Systems for Machine Learning

COMPSCI 692S (seminar)

Machine learning is employed in an increasingly wide range of applications. Using ML entails developing end-to-end pipelines to collect data, clean it, and run learning and inference algorithms in a scalable manner. This results in computationally intense workloads and complex software pipelines. Systems for ML help users organize their data and scale these computationally intense problems to larger and larger datasets. At the same time, ML is having an increasing impact on systems design. Fine-tuned analytical heuristics and cost models are being replaced by learned models, following trends observed in other fields. This seminar will review cutting-edge research on these topics and allow students to work on a hands-on project. This course will primarily involve reading, presenting, and discussing papers (1 credit), and a final project building an end-to-end machine learning pipeline (3 credits).

Class meetings: Wednesday 11:15 AM-1:15 PM, CS 142

Piazza: https://piazza.com/umass/spring2020/cs692s

Seminar structure

Tutorials

All students will be required to prepare a tutorial. Each tutorial will be presented by a group of 3 students. A tutorial will cover an area and present at least 3 papers from the reading list.

The typical structure of a presentation would be along these lines:

  • What is the problem being addressed? Give context assuming people know nothing about the area. Why is the problem important? (Approx. 15 minutes)
  • Present the papers. Focus on the big ideas rather than the technicalities, but give enough details to make the presentation informative. (Approx. 40 minutes)
  • Discussion: Comparison between the different papers, strengths and weaknesses of each. (Approx. 10 minutes)
  • Q&A (Approx. 10 minutes)

Reviews

Groups will announce the 3 main papers they will present before the class. All students will have to read the papers and write a short review by the end of the day before the class. Links will be provided on Piazza and the course website.

Projects (3 credits only)

Students that have registered for the 3 credits section will also have to prepare a project. Students (in groups of 3) will also have to pick either (1) a systems problem that can benefit from the use of ML algorithms, or (2) a use case ML application that requires systems support for data collection, data cleaning, machine learning, inference, or a pipeline composing these steps. The choice will be agreed upon with the instructor.

Students will then prepare a “problem statement” report where they describe the application and identify challenges in terms of scalability, reducing running time, and/or usability. Students will also propose a solution. The claims need to be validated experimentally.

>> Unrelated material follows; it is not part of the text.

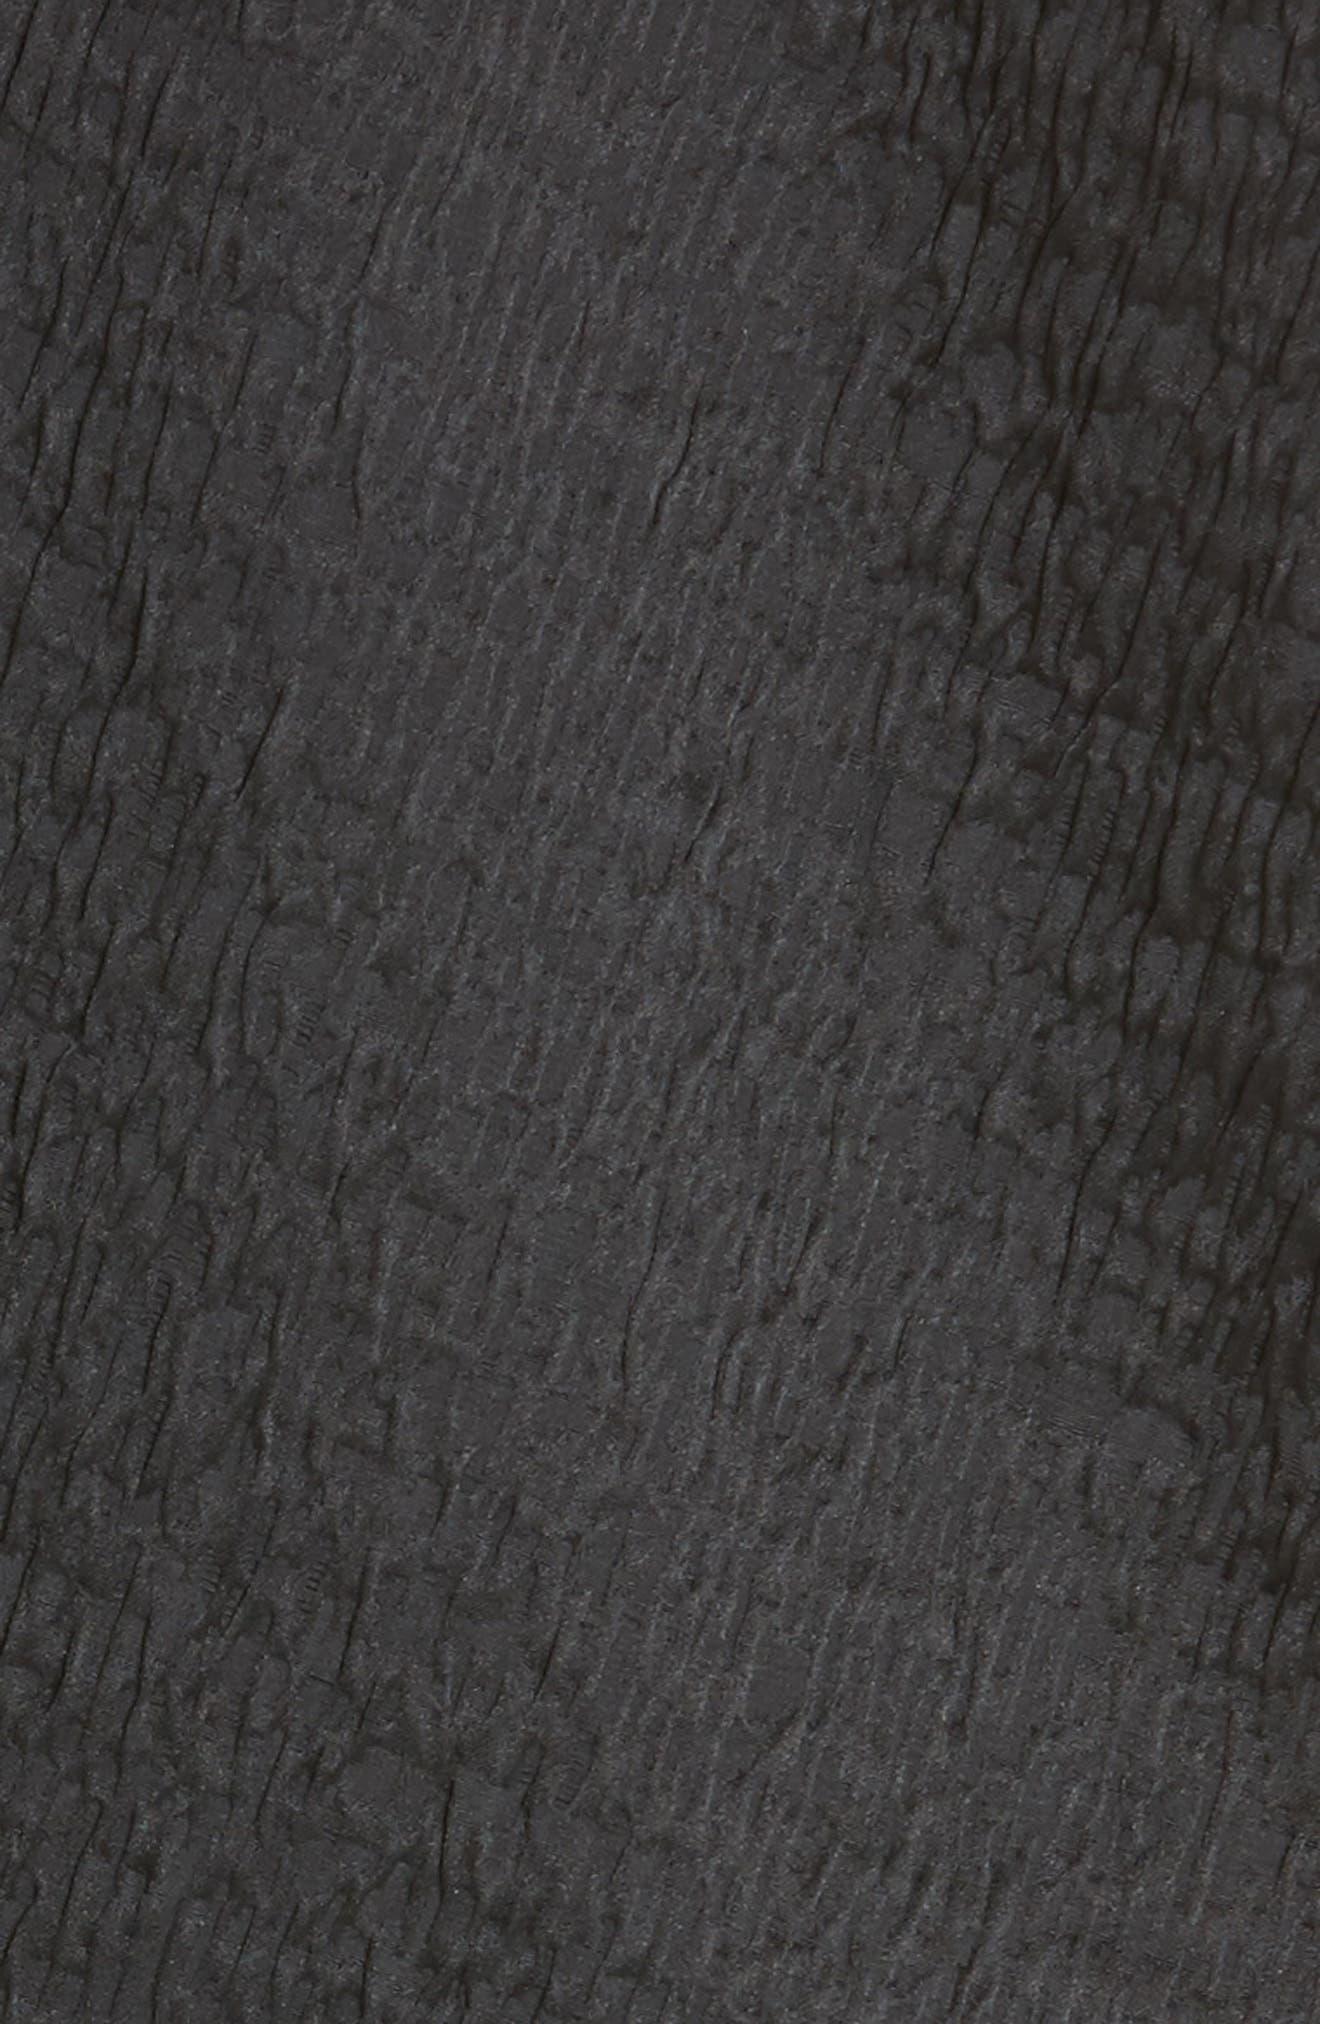 Koya Crinkle Stretch Coat,                             Alternate thumbnail 6, color,                             001

Students will then implement the solution and finally write a report describing it. The final report will validate the system design through performance measurements and/or user studies. There will be a final presentation for all projects.

Seminar structure

The course will consist of meetings with presentations. Students will be expected to participate in the following activities.

  • Presentations. Each student will have to present, alone or in a group, at one of the meetings. The presentation will cover one paper taken from a reading list published on Moodle. Each presentation will have 3 parts:
    1. Background and motivation. Present the general topic addressed in this paper, the prior related work, and the gaps that this paper addresses. Presenters are encouraged to read the most relevant work in the area to prepare this part of the presentation. (~15 minutes)
    2. Paper content. Presentation of the technical content of the paper. (~15 minutes)
    3. Potential extensions. Propose potential research directions extending the work. Optionally, this section can be presented as a specific project proposal with expected goals and intermediate milestones. (~10 minutes)
      • The instructor will offer some 3-credit independent studies based on well-defined project proposals.
    4. Discussion. Questions about the paper and discussion on the general area, the paper contributions, and the potential extensions. (open ended)
  • Paper reviews. Two days prior to each presentation, each student will have to read the presented paper and enter a review on a Google form. After the deadline, reviews will be published to the class to encourage discussions. Reviews will also be discussed in class.

  • Attendance. Attendance to the presentations is mandatory.